Soon, this year’s META-FORUM takes place as well: On 8 and 9 June 2022, the next edition of the international conference series on powerful and innovative Language Technologies for the multilingual information society invites you to Brussels – or to participate virtually. META-FORUM 2022 will be a hybrid event, both in terms of the participation and the conference topics: As the ELG and ELE projects end at the same time, the results and current state of research of both initiatives will receive the shared focus. Learn more about “META-FORUM 2022 – JOINING THE EUROPEAN LANGUAGE GRID” and register free of charge on our website. We hope to see you there!
META FORUM 2022 – JOINING THE EUROPEAN LANGUAGE GRID
Together Towards Digital Language Equality
8/9 June 2022, Brussels
Selected new tools and resources on the
European Language Grid
Nefnir Icelandic Lemmatizer – Nefnir is a rule-based lemmatizer for Icelandic text. It has been trained on the Database of Modern Icelandic Inflection, which contains over 6,000,000 tagged inflectional forms and their lemmas. Input is expected to be alternating words and POS tags (as produced by an Icelandic POS tagger) separated by white space. The tool can be downloaded as a Docker container or tried out with an example sentence in the ELG entry web page. Additionally, code samples are directly published in the catalogue as well. The software was added by the University of Reykjavík on 31 March 2022.
Selected new ELG members

ModelFront is a leading provider of translation risk prediction. Known in the research world as “quality estimation”, it's the core technology for the hybrid translation workflow: machine-approving machine translations at human accuracy. ModelFront is a production-strength system – secure, scalable, accuracy tested and with support for 100+ languages – available via a cloud console and API that can be integrated into any application. ModelFront can be used with any machine translation provider and integrated into any translation management system.

General news

Over 20,000 responses to our ELE survey on the digital support for European languages have reached us so far – but we are aiming higher: In order to achieve an unprecedented representation of the opinion of European citizens on the support of their languages in the digital world, we have extended the deadline for the survey. Please support this initiative by making your voice heard for the sake of Digital Language Equality in Europe and sharing the survey with as many people as possible. You can choose to fill in the survey in one of 35 languages on our ELE website, while many more European regional and minority languages can be selected within the survey itself. Please participate and share the survey with your friends, colleagues and networks.

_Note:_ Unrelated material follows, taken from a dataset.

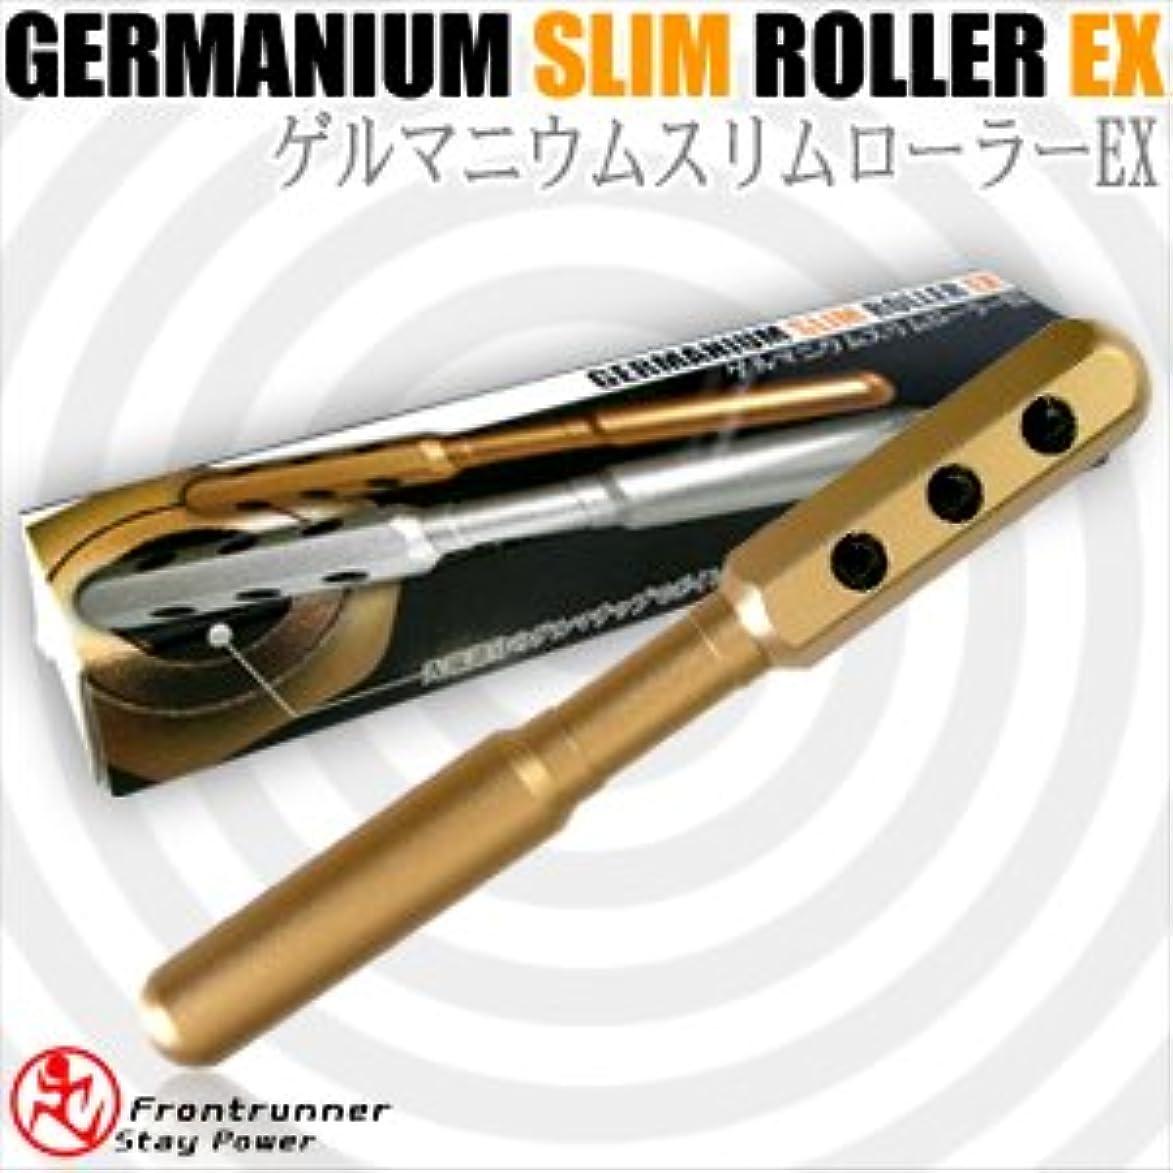 事件、出来事不当パンゲルマニウムスリムローラーEX(ゴールド)

“As much as people might want to use Irish in their daily lives, the technology is almost forcing them into English. That’s just a simple example of what’s going to happen across Europe, if something doesn’t change in terms of the technologies made available.” In an article by TheJournal.ie, Dr Teresa Lynn of the ADAPT Centre at the Dublin City University, partner of the ELE project, speaks about “tackling the digital gaps for the Irish language” and the ambitious initiative for Digital Language Equality in Europe. “If you’re in the field, you know that means there’s a lot of work to be done in the next eight years.”

A starting point is knowing the current state of play in terms of digital equality amongst European languages. For this, the ELE consortium is working on an interactive dashboard that presents and visualises the support that each European language receives in terms of technological resources and thus makes them comparable, pointing out the gaps and needs for underrepresented languages. The dashboard is developed by the Institute for Language and Speech Processing (ILSP) in Athens and will be featured on the European Language Grid once it is finished. Keep an eye open!

Finally, the deadline of the Call for Papers for the ELE workshop "Towards Digital Language Equality (TDLE2022)" at this year's LREC Conference in June has been extended. Click on the image below to find all details on the submission process, which is open until next Monday, 18 April 2022.
Call for Papers: Towards Digital Language Equality workshop at LREC 2022
Upcoming events
The ELE consortium Partner presentation

Barcelona Supercomputing Center

The Barcelona Supercomputing Center (BSC) is a public research centre located in Barcelona. It houses the MareNostrum, the most powerful supercomputer in Spain and one of the most powerful in Europe. BSC specialises in high-performance computing, aka HPC, and manages the Spanish Supercomputation Network, with the mission to offer supercomputing infrastructure and services to Spanish and European scientists, and to generate knowledge and technology in a variety of scientific fields. With this purpose, it actively participates in the main European HPC initiatives in close cooperation with other European supercomputing centres. With a total staff of more than 760 R&D experts and professionals, BSC has been successful in attracting talent. The main research lines, focused on the fields of Computer Sciences, Life Sciences, Earth Sciences and Computer Applications, are developed within the framework of the EU research funding programmes, Spanish and Catalan public research calls and collaborations with leading companies.

The Text Mining Unit at BSC has a consolidated experience in several NLP areas, such as massive language model building, biomedical text mining, machine translation and unsupervised learning for under-resourced languages and domains. It has been entrusted by the Spanish and the Catalan government with the mission to develop fundamental open-source resources and technologies for Spanish and Catalan. In connection with this, the TeMu Unit is currently in charge of two flagship projects at the national and regional level: the Spanish National Language Technology Plan, funded by the Spanish Secretariat of Digitalisation and Artificial Intelligence, and the AINA project, aimed at developing AI resources for Catalan, funded by the Catalan Digitalisation Department. In addition, the Unit participates in various EU funded international projects.

BSC in the ELE project

Within the ELE project, TeMu has been in charge of running a comprehensive survey about existing tools and resources for Spanish and Catalan, and of compiling two reports about how each of these languages are facing the digital challenge. Spanish, being one of the most spoken languages in the world, is not threatened by globalisation in the way Catalan and other languages are. However, the gap in the number of resources and tools compared to English is still quite large.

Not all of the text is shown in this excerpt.